要找 doc=33 不用走 1→5→9→12→18→25→33 七步，直接從 skip pointer 跳到 18 再走 25→33 三步。AND 兩個 list 時，從稀疏端開始用 skip 往稠密端「找下一個 ≥ 當前」的位置 — 平均 O((m+n) log(N/m)) 而不是 O(N)。

1.3 Analyzer：寫入時就斷好詞

PUT /messages
{
  "settings": {
    "analysis": {
      "analyzer": {
        "default": { "type": "standard" }
      }
    }
  }
}

Standard analyzer 會把「張三今天去了台北」轉成 tokens ["張", "三", "今", "天", "去", "了", "台", "北"]（CJK 預設按字切）。中文常用 icu_analyzer 或 smartcn 改善斷詞，但對「人名搜尋」場景反而單字索引更不會漏。

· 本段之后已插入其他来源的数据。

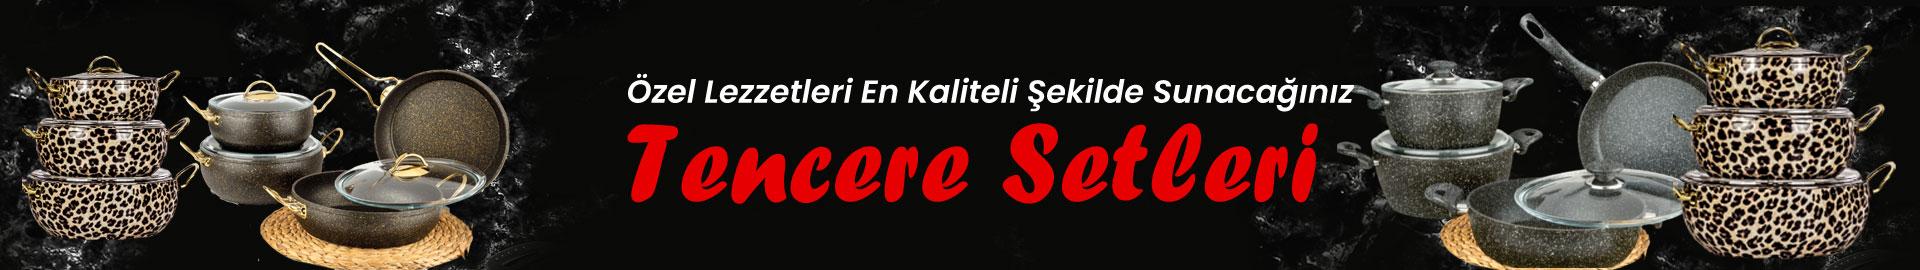 TENCERE SETLERİ
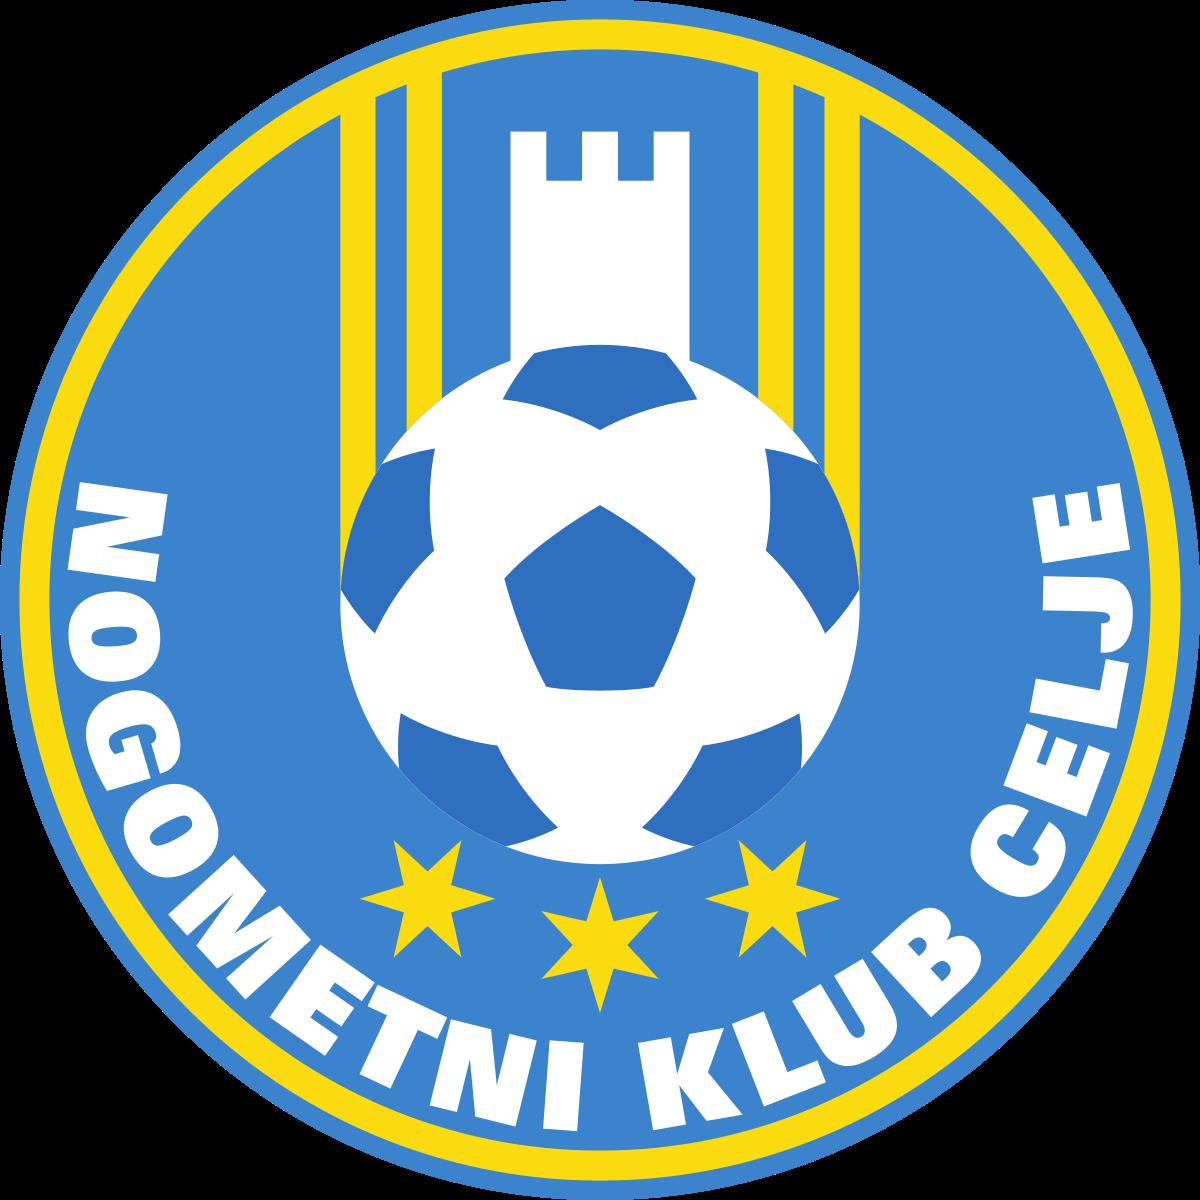 NK CM Celje of Slovenia crest. Celje, Football logo

實戰上鑑識資料有大量人名 / 帳號 / 別名，「按字索引 + match 搜尋」比「斷詞 + match_phrase」漏看少。

二、BM25：相關性怎麼算

ES 預設用 BM25（Best Matching 25）打分，公式：

score(q, d) = Σ IDF(qi) · (f(qi, d) · (k1 + 1))
                          / (f(qi, d) + k1 · (1 - b + b · |d|/avgdl))

各項含義：

f(qi, d)：term frequency — qi 在文件 d 出現幾次
|d|：文件 d 的長度
avgdl：所有文件平均長度
IDF(qi) = log((N - n + 0.5) / (n + 0.5) + 1) — 出現越少的字權重越高
k1 = 1.2：term frequency 飽和點（一個詞出現 1 次和 100 次的差距會收斂）
b = 0.75：文件長度懲罰（長文件被適度扣分，避免 term 多就贏）

直覺理解：

「李四」（罕見字）出現一次 > 「的」（常見字）出現一次
短訊息「李四詐騙集團」 > 萬字長文中夾一句「…李四…」
同一 term 第 50 次出現的貢獻幾乎等於第 5 次（k1 飽和）

vs 老一代的 TF-IDF：BM25 加了 saturation 和 length normalization，避免 term 多就無腦贏。

三、實戰：5 個 index 的設計

該鑑識分析平台拆成 5 個 index 而不是塞一個大 index，每個對應一種解析後的資料：

Index	主資料	shards/replicas	保留期	特殊欄位
`messages`	聊天訊息	3/1	365 天	`embedding` (dense_vector 1024-dim), `body` (text)
`accounts`	使用者帳號	1/1	永久	`account_meta.username/displayName`
`calls`	通話紀錄	2/1	365 天	`call_meta.direction/duration/status`
`locations`	位置點	2/1	365 天	`location` (geo_point)
`conversations`	聊天室	1/1	永久	`conversation_meta.name/messageCount`

3.1 為什麼拆而不合？

Shard 設計獨立：訊息資料量大用 3 shards，帳號小用 1 shard。一個 index 多 shards 適合大資料量平行查詢，但 shard 越多 cluster state 越重 — 小 index 不需要。
Mapping 衝突避免：訊息的 body 是 text、帳號的 username 是 keyword，名稱類似但 type 不同 — 在同一 index 會吵起來。
保留期不同：訊息只存 365 天但帳號要永久 — 用 ILM (Index Lifecycle Management) 個別套政策。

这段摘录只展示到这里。